Now our last method, lme
library(nlme)
>model1 = lme(Y ~ B + A, random = ~1|C, method = "REML", data = data)
>model2 = lme(Y ~ B*A, random = ~1|C, method = "REML", data = data)
>summary(model1)
Linear mixed-effects model fit by REML
Data: data
AIC BIC logLik
485.6355 496.4299 -237.8178
Random effects:
Formula: ~1 | C
(Intercept) Residual
StdDev: 6.245355 9.169755
Fixed effects: Y ~ B + A
Value Std.Error DF t-value p-value
(Intercept) 5.33563 18.304636 63 0.291491 0.7716
Bs -10.46557 4.092189 63 -2.557451 0.0130
A 25.83920 6.715509 63 3.847691 0.0003
Correlation:
(Intr) Bs
Bs 0.748
A -0.965 -0.822
Standardized Within-Group Residuals:
Min Q1 Med Q3 Max
-2.771357518 -0.510609057 0.005356615 0.646641593 1.994309873
Number of Observations: 67
Number of Groups: 2
>summary(model2)
Linear mixed-effects model fit by REML
Data: data
AIC BIC logLik
480.9425 493.8013 -234.4713
Random effects:
Formula: ~1 | C
(Intercept) Residual
StdDev: 6.224159 9.243403
Fixed effects: Y ~ B * A
Value Std.Error DF t-value p-value
(Intercept) 6.345383 23.00476 62 0.2758291 0.7836
Bs -12.687705 33.13166 62 -0.3829481 0.7031
A 25.456188 8.54384 62 2.9794790 0.0041
Bs:A 0.772521 11.35050 62 0.0680606 0.9460
Correlation:
(Intr) Bs A
Bs -0.519
A -0.978 0.525
Bs:A 0.598 -0.992 -0.611
Standardized Within-Group Residuals:
Min Q1 Med Q3 Max
-2.74514990 -0.51857689 0.01236403 0.63517280 1.98254600
Number of Observations: 67
Number of Groups: 2
> anova(model1)
numDF denDF F-value p-value
(Intercept) 1 63 270.07347 <.0001
B 1 63 1.13754 0.2902
A 1 63 14.80473 0.0003
> anova(model2)
numDF denDF F-value p-value
(Intercept) 1 62 271.53755 <.0001
B 1 62 1.11976 0.2941
A 1 62 14.55037 0.0003
B:A 1 62 0.00463 0.9460
> Anova(model1)
Analysis of Deviance Table (Type II tests)
Response: Y
Chisq Df Pr(>Chisq)
B 6.5406 1 0.0105442 *
A 14.8047 1 0.0001192 ***
Signif. codes: 0 ‘*’ 0.001 ‘’ 0.01 ‘*’ 0.05 ‘.’ 0.1 ‘ ’ 1
> Anova(model2)
Analysis of Deviance Table (Type II tests)
Response: Y
Chisq Df Pr(>Chisq)
B 6.4223 1 0.0112698 *
A 14.5504 1 0.0001365 ***
B:A 0.0046 1 0.9457374
Signif. codes: 0 ‘*’ 0.001 ‘’ 0.01 ‘*’ 0.05 ‘.’ 0.1 ‘ ’ 1
Here, the different anova()/Anova() tables disagree with each other and the summary() outputs. an anova.lme() for both models agrees with the anova() output.

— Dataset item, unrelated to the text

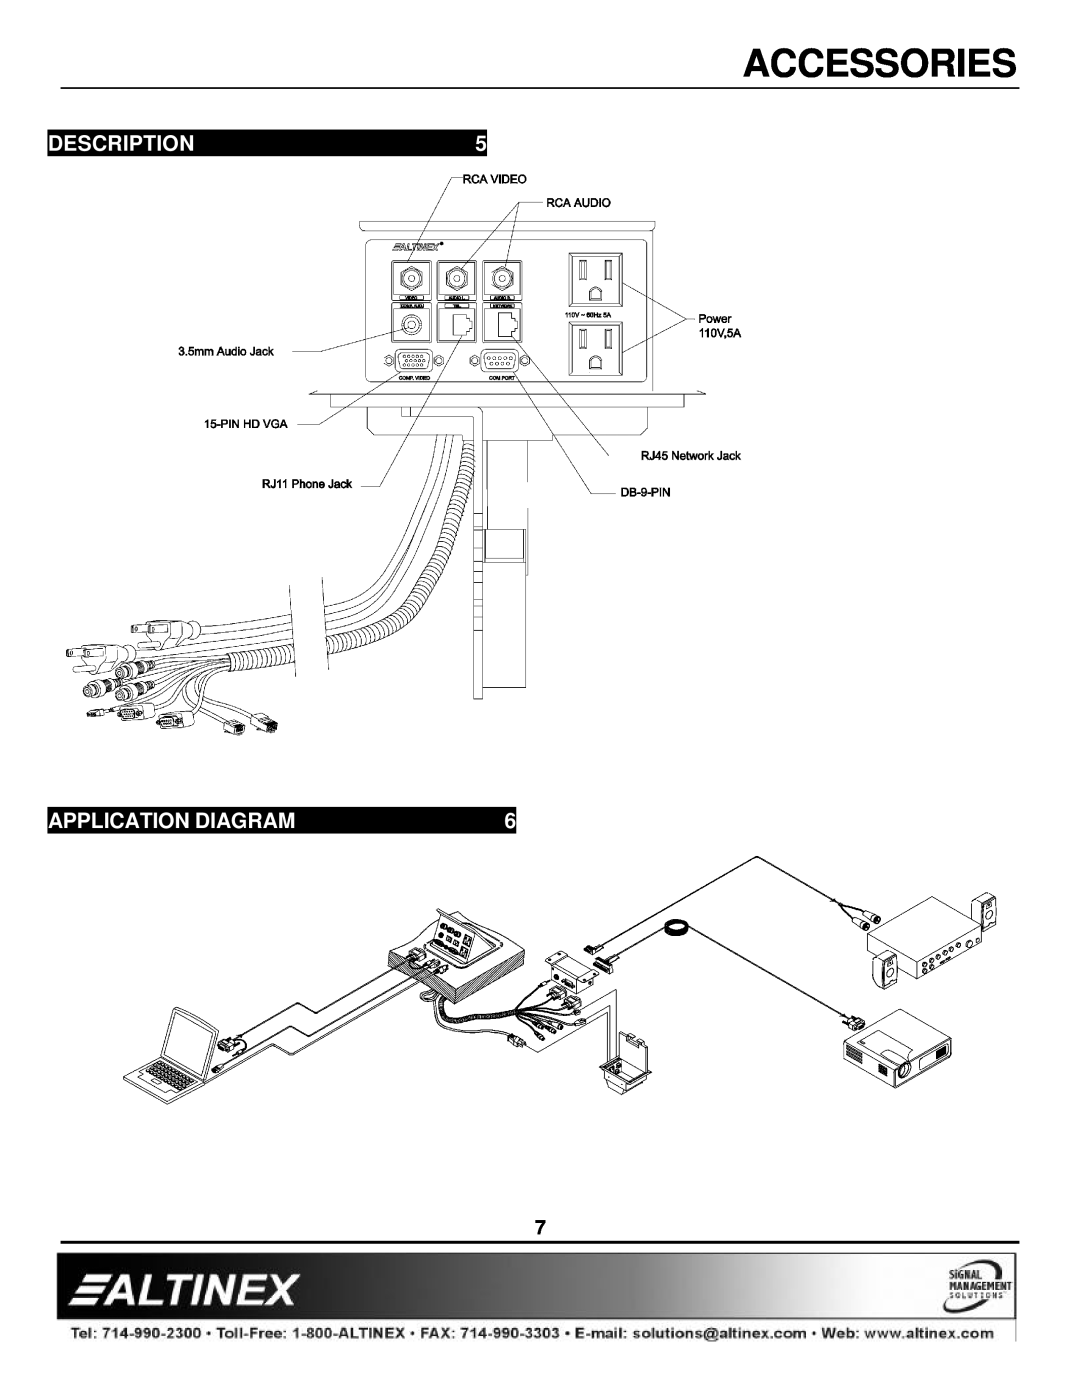 Altinex TNP500/502 manual Description, Application Diagram, Accessories

Also, rather than an analysis of variance table in anova(), there's an analysis of deviance table. I can't find a concise answer on the difference between these types of analysis.

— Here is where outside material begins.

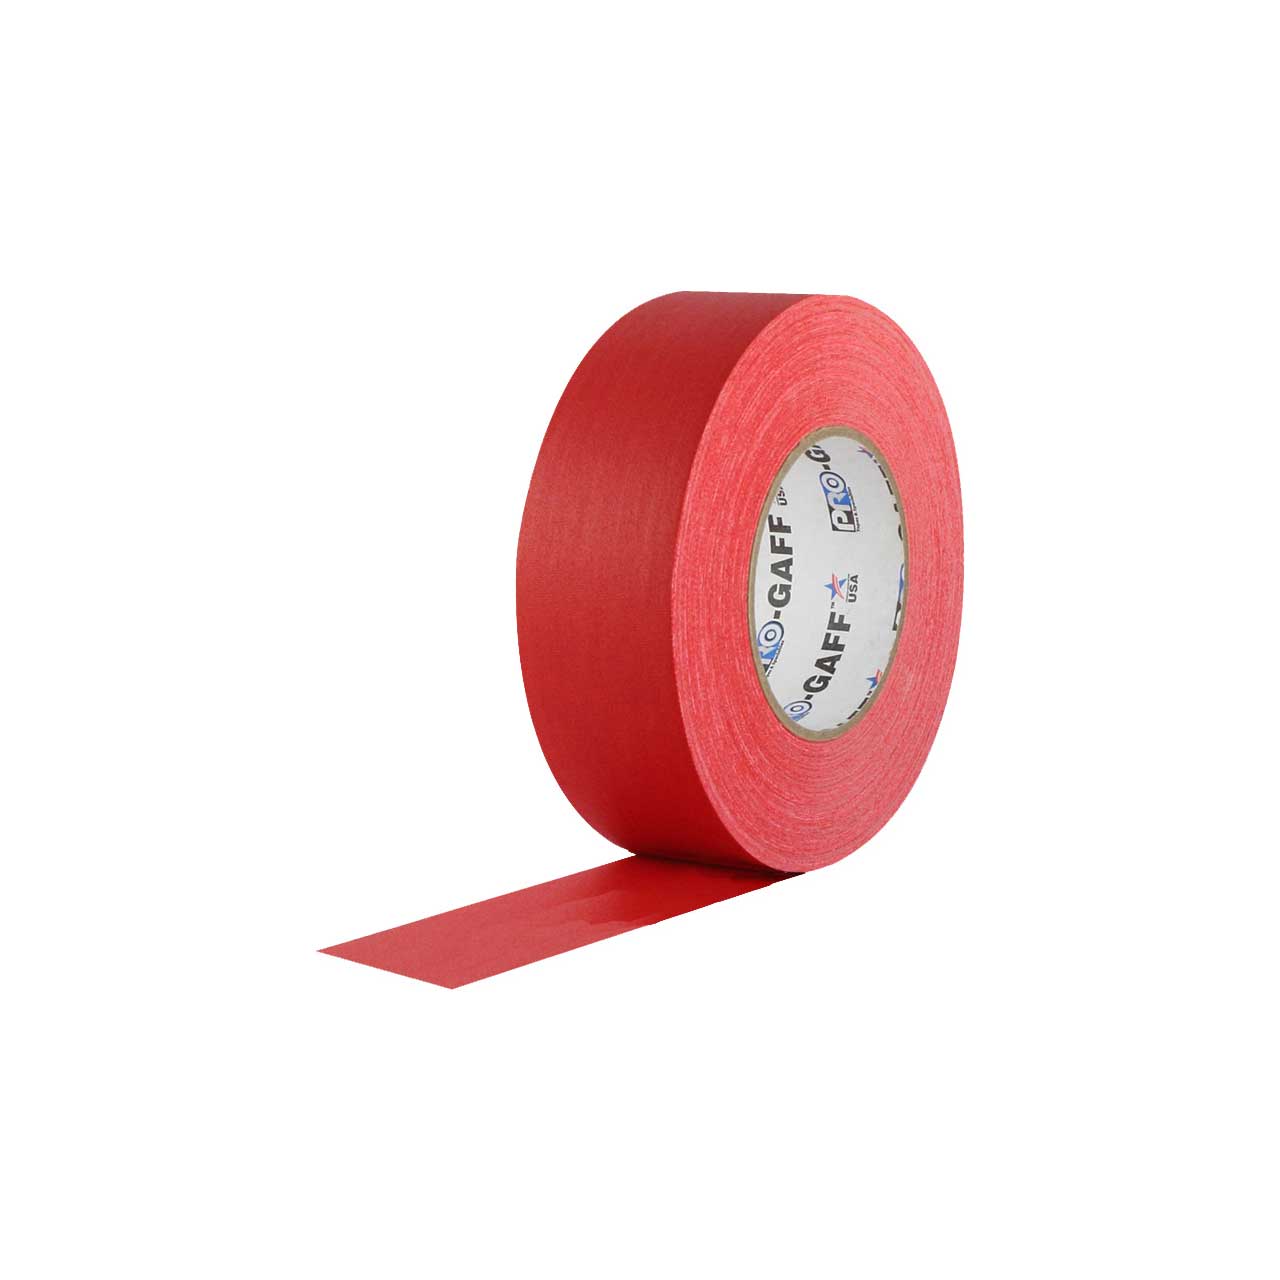 1 Roll Gaffers Tape Red 3 Inch x 60 Yards per Roll Gaff Tape

This is just the tip of the iceberg on these methods, and it's also limited by my understanding of both R and statistics. From what I understand, a lot of these methods differ by either a Type I, Type II, or Type III ANOVA, as well as how lmer vs lme operate. Completely different results from lmer() and lme() lme() and lmer() giving conflicting results
Any help as to which method to pick would be helpful.